Nevertheless, we recognize that there are serious risks in a breakdown of these negotiations, both of a short-term and longer-term character. These risks should be brought home to the Germans. Tab H suggests some of these risks.

One other point deserves comment. General DeGaulle in his press conference and the French on numerous occasions have charged that the United States interest in reserve creation results from a desire to continue financing our balance of payments deficit. This is not the case. We are genuinely interested in providing what we consider an essential prerequisite for the continued development of the world’s monetary and trading system without lapsing into cumulative restrictions on capital movements and on trade itself. (See Tab I) In a world in which all economic indices have a clear secular uptrend, we simply cannot expect the level of world reserves to remain stagnant without constraining international transactions. No country maintains a constant level of domestic money but in all countries the trend is steadily upward in the domestic money supply.

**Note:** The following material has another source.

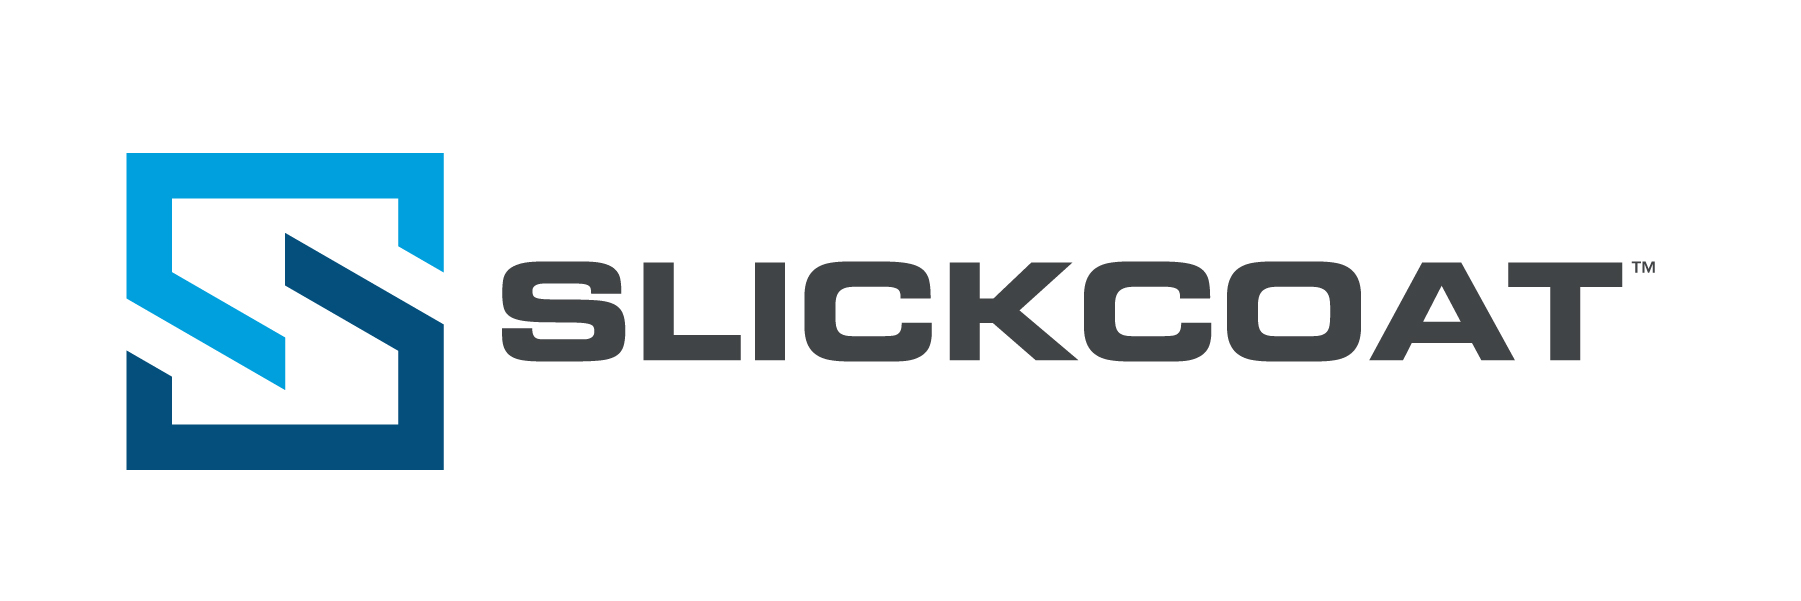 Slickcoat Friction Reduction Coating Logo

At the same time, our ideas as to the magnitude of new reserve creation are quite conservative. We would not expect reserve growth to exceed 2 or 3% per annum, whereas much higher figures are steadily recorded for the growth of domestic money supplies. In terms of our balance of payments deficit, the amount of new reserves that would become available to the United States would hardly be as much as $500 million a year at the most. Most Europeans would not regard this sum, even if it were used to finance a U.S. deficit, as in any way significantly affecting the U.S. desire to reach equilibrium as soon as the Vietnam situation permits.

Frederick L. Deming 9
  1. Source: Johnson Library, Bator Papers, McCloy Trip, June 1967, Box 8. Confidential. McCloy was the U.S. representative to the trilateral offset negotiations.
  2. Deming’s memorandum has not been found.
  3. Only Fowler’s first letter to Schiller is attached; it is printed as Document 119. Regarding his second letter, see footnote 6, Document 120. The purported text of Schiller’s April 21 response was distributed to members of the Deming Group as DG/67/129 on May 10. The memorandum from George H. Willis reads “Attached as DG/67/129 is Minister Schiller’s reply to Secretary Fowler,” but the attached document, in English, is not on a letterhead and presumably is a U.S. Government translation of a letter in German. In the English text, Schiller mistakenly thanks Fowler for his letters of April 6 and 13 (not 14). Secretary Fowler’s reply to Schiller’s April 21 letter had an extended gestation period with drafts on May 10 (DG/67/126) and May 29 (DG/67/145) before actually going out on June 1 (DG/67/150). Fowler also wrote Italian Treasury Minister Colombo on June 1. (DG/67/149; Washington National Records Center, RG 56, OASIA Files: FRC 75 A 101, Deming Group) For text of the letter, see Document 126.
  4. See footnote 4, Document 119, and Attachment B to Document 120.
  5. Neither this summary nor any of the other tabs has been found.
  6. See footnote 7 below.
  7. This report of the Monetary Committee of the EEC has not been found, but according to the official IMF history, the EEC Finance Ministers at Munich on April 17 approved that committee’s recommendations:
  8. Reference is to the IMF’s “Outline of an Illustrative Reserve Unit Scheme,” February 23, and “Outline of an Illustrative Scheme for a Special Reserve Facility Based on Drawing Rights in the Fund,” February 28, which are reproduced ibid., vol. II, pp. 15–23 and 24–29, respectively.
  9. Printed from a copy that bears this typed signature.